Long term, the company has the ambitious dream — like so many other startups in the green vehicle market — of licensing its core technology to other automakers.
The larger goal with Green Vehicles’ Salinas project is to “demonstrate that the idea of a commuter vehicle makes sense,” and begin making a name for itself as a green manufacturer looking to clean up more than the tailpipe. For many consumers, a three-wheeled, two-seat electric vehicle that costs more than a Prius might only make sense as a second vehicle — if then. But it doesn’t have to be that way, said Ryan.
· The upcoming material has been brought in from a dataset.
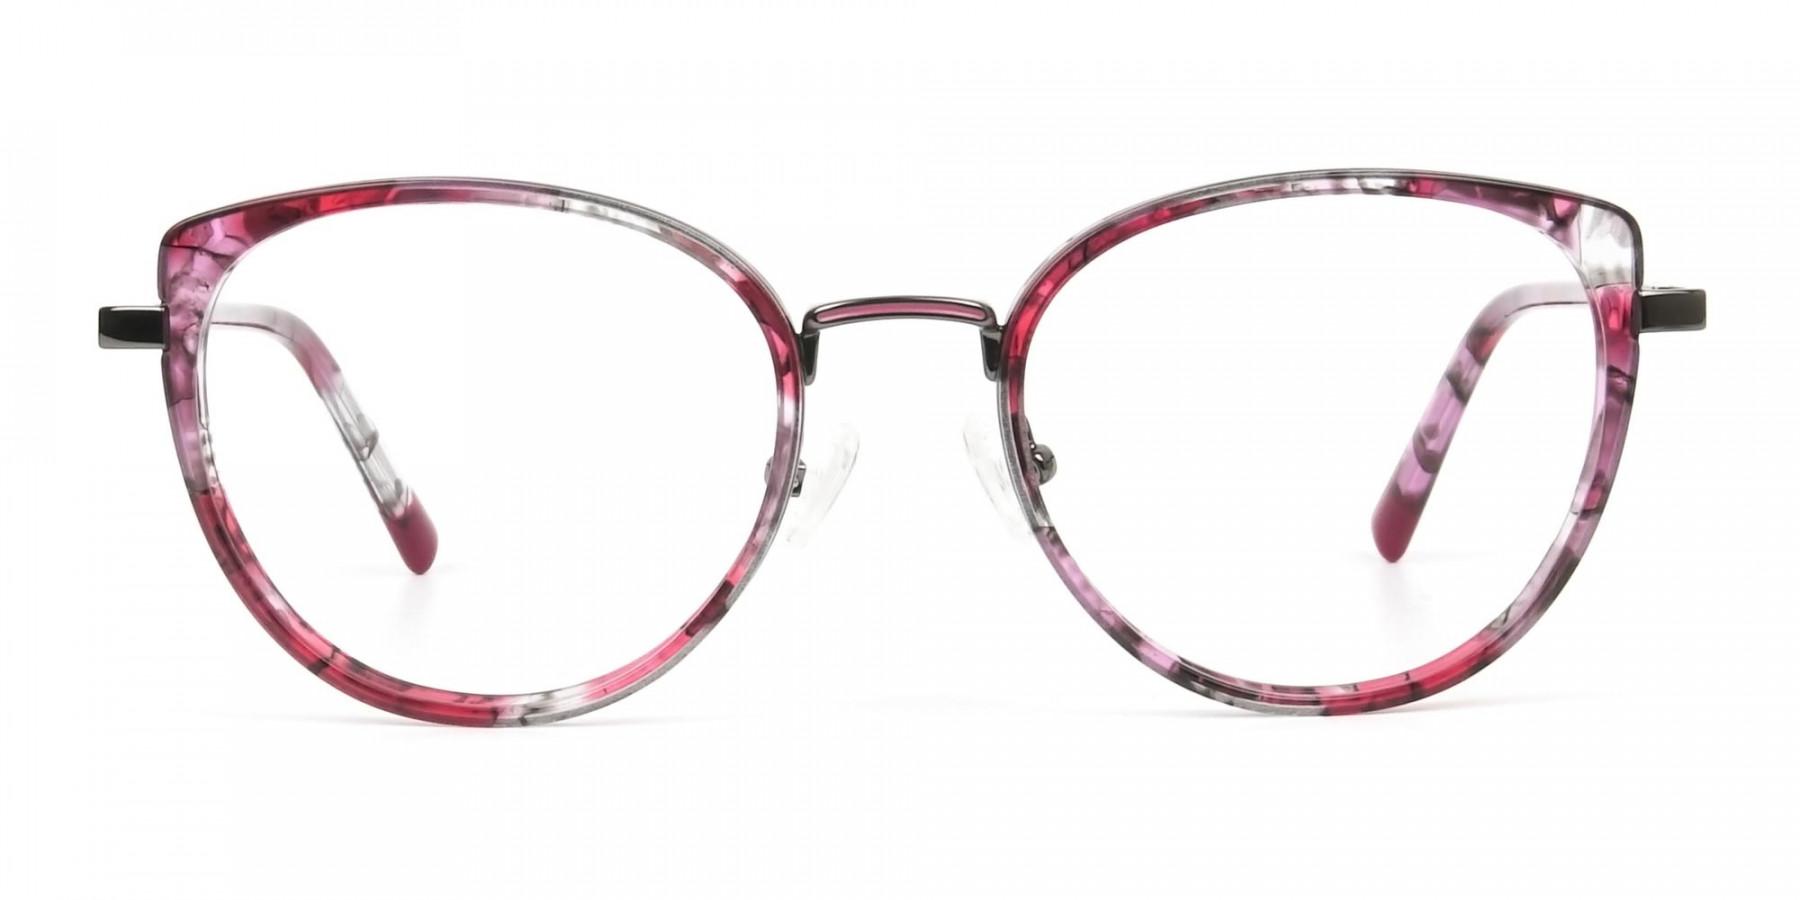 Red Tortoise Cat-Eye Glasses in Round - 1

Consumers have a growing number of options — such as car sharing provider Zipcar or a ridesharing service like Carticipate — to help fill any gaps left by a vehicle with limited range and cargo capacity. In a time when consumers itching to buy an electric vehicle can turn to roomier, more conventional-looking models from established automakers, however, Green Vehicles faces a long slog to build a business that’s sustainable, in all senses of the word.